Названная дата — пятьдесят третий год — подтвердила мое предположение. Идентифицировала усатого. Да и последние слова покоробили.
Я молча встала и пересела. Меня подняло смешанное чувство недоумения и негодования. Старики не обратили на меня внимания. Иначе, чего доброго, спалили бы из своего огнемета…
За окном бежала и кружилась осень: то лес, то лесополоса, то скошенное поле. Сразу видно, насколько беспомощней и торопливей других опадают березы. Они почти обнажились, только белые стволы с черными натеками на сучках… Некоторые и впрямь похожи на подрисованные индейские глаза…1
1 “Индейские глаза берез…” — строка из стихотворения Ильи Сельвинского. (Примеч. ред.)
Чем бы кончилось, что бы со мной сталось, если бы не Евлампия. Подавилась бы манкой, овсянкой или вишенкой. Или с голоду бы сдохла. А она взяла за руку, как первоклашку, и повезла к себе в Сибирь, где возле ихнего городка, в скиту при монастыре, жила старица-целительница. Дичь, мракобесие, но мне уже все было по барабану…
С Казанского ехали двое суток, потом в автобусе тряслись-тряслись — дотряслись. Дырища! И название под стать — Лосий Кут. Запомнился воздух свежий, чистый, ночной, со слабой примесью смрада — хлорки и отхожего места. Странно, но эта примесь не отвращала, а придавала грустный, убогий уют, что ли… Так с дороги на больную голову помстилось…

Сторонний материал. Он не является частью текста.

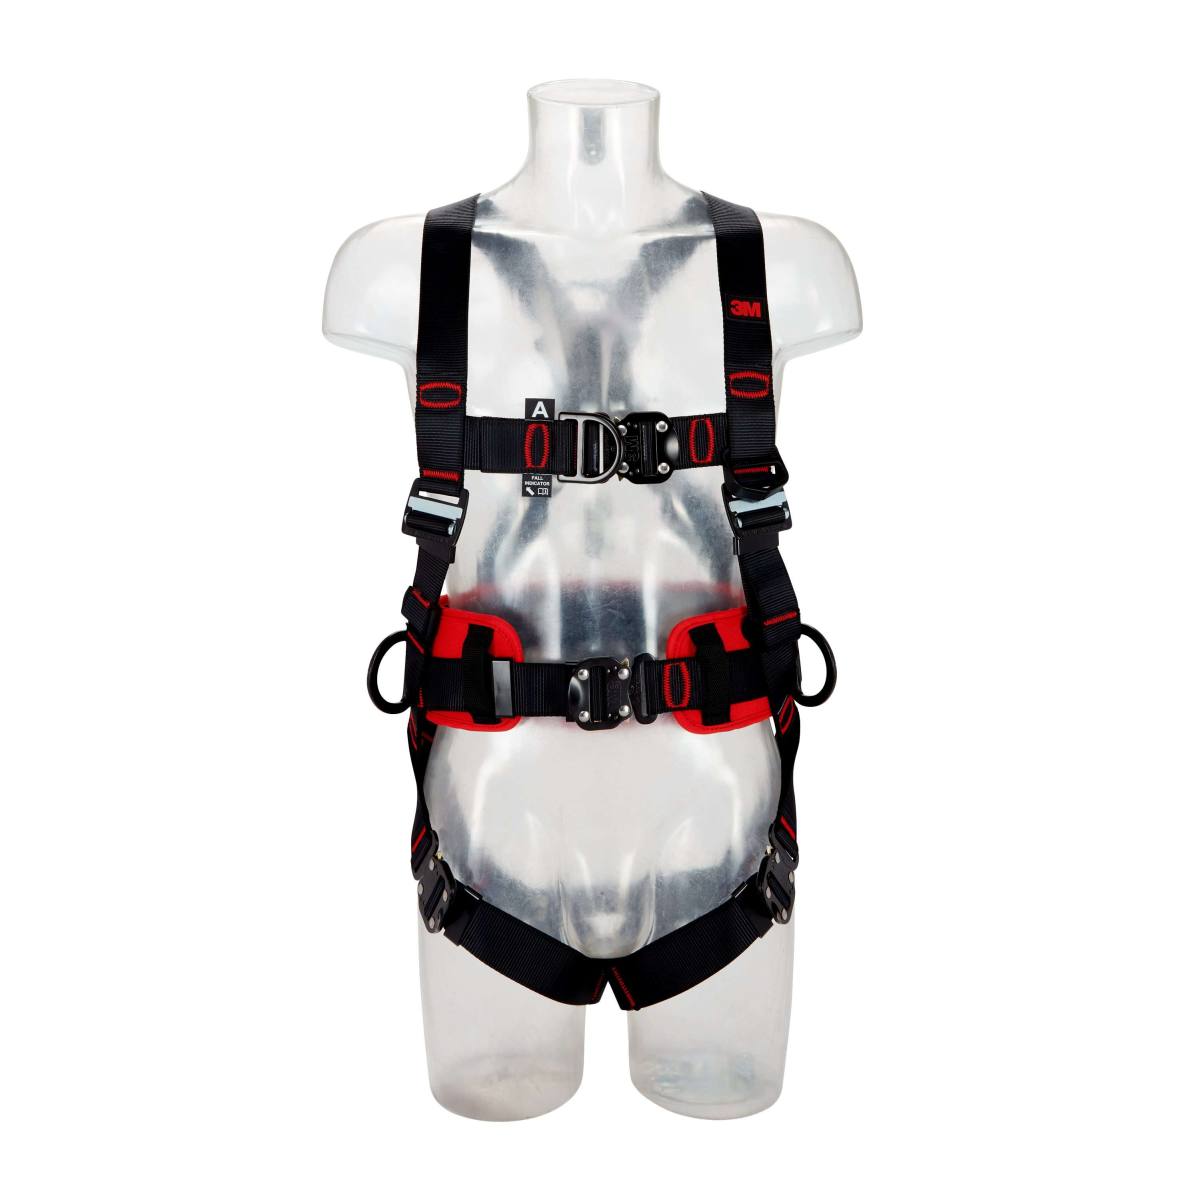 3M PROTECTA full body harness - chest and rear fall arrest eyelets, comfort harness with side attachment points, automatic buckles, chest and rear fall indicators, belt end depot, label protection with labeling field, black coated, XL

Автовокзал — в центре городишка.
Рядом, под обрывом, текла речка, поблескивала в темноте, булькала, плескала. Оттуда тухловато тянуло сыростью и потрошеной рыбой.
Перед мостом за нами увязалась собака. Белая в темноте, она беззвучно преследовала нас, то забегала вперед, то отставала, при этом нас вроде бы и не замечала. Потом вдруг исчезла.
Окруженный стеной монастырь на горке выглядел в предутренних сумерках внушительно, даже страшновато.
В воротах Евлампия встретила подругу, пожилую монашенку; вместе с другой послушницей, совсем молодой, не старше меня, встречали паломников.
Паломников было много, они вповалку лежали на полу в храме, через который пришлось пройти.
Несколько мужчин курили на паперти, при виде нас они затушили сигареты.
Молодая послушница подвела к калитке в монастырской стене, откуда старица заходила в часовенку, помолиться перед общением с паломниками; велела ждать, а сама убежала.
Мы постояли, приоткрыли калитку и вышли.
Утро серое, но без дождя. Внизу городишко в тумане, два десятка фонарей и неоновая реклама “Holsten 1647” с рыцарем на коне. Вдали лес чернеет. К нему вдоль монастырской стены широкая тропа натоптана.
На той тропе они и появились. Отделились от леса черным силуэтом о трех головах — даже не по себе стало. Прямо идолище поганое надвигалось. Убежала бы, но Евлампия в руку крепко вцепилась.
Наконец подошли настолько, что разглядела: две тетки-жерди в черных сутанах ведут под руки круглую, приземистую бабку. Она-то и оказалась старица. На келейниц для виду опирается, но шагает тверже и смотрит зорче.
Евлампия вдруг бухнулась ей в ноги и завыла:
— Матушка, спасительница, вот девочку больную привезла! Вся надежа на тебя! Гибнет дите безгрешное, за год в нитку испостилась, не ест, не пьет, давится, жалко смотреть. Горлышко пищу в утробу не пропускает, ни студень, ни даже кисель жидкий. Московские лекаря, профессор на профессоре — опростоволосились. Через всю Россию за твоим чудом, за Божьим чудом, через тебя явленным, матушка ты наша, заступница! — канючит, на коленях елозит, а мне шипит между просьбами: —
В ноги, в ноги матушке! И моли выслушать!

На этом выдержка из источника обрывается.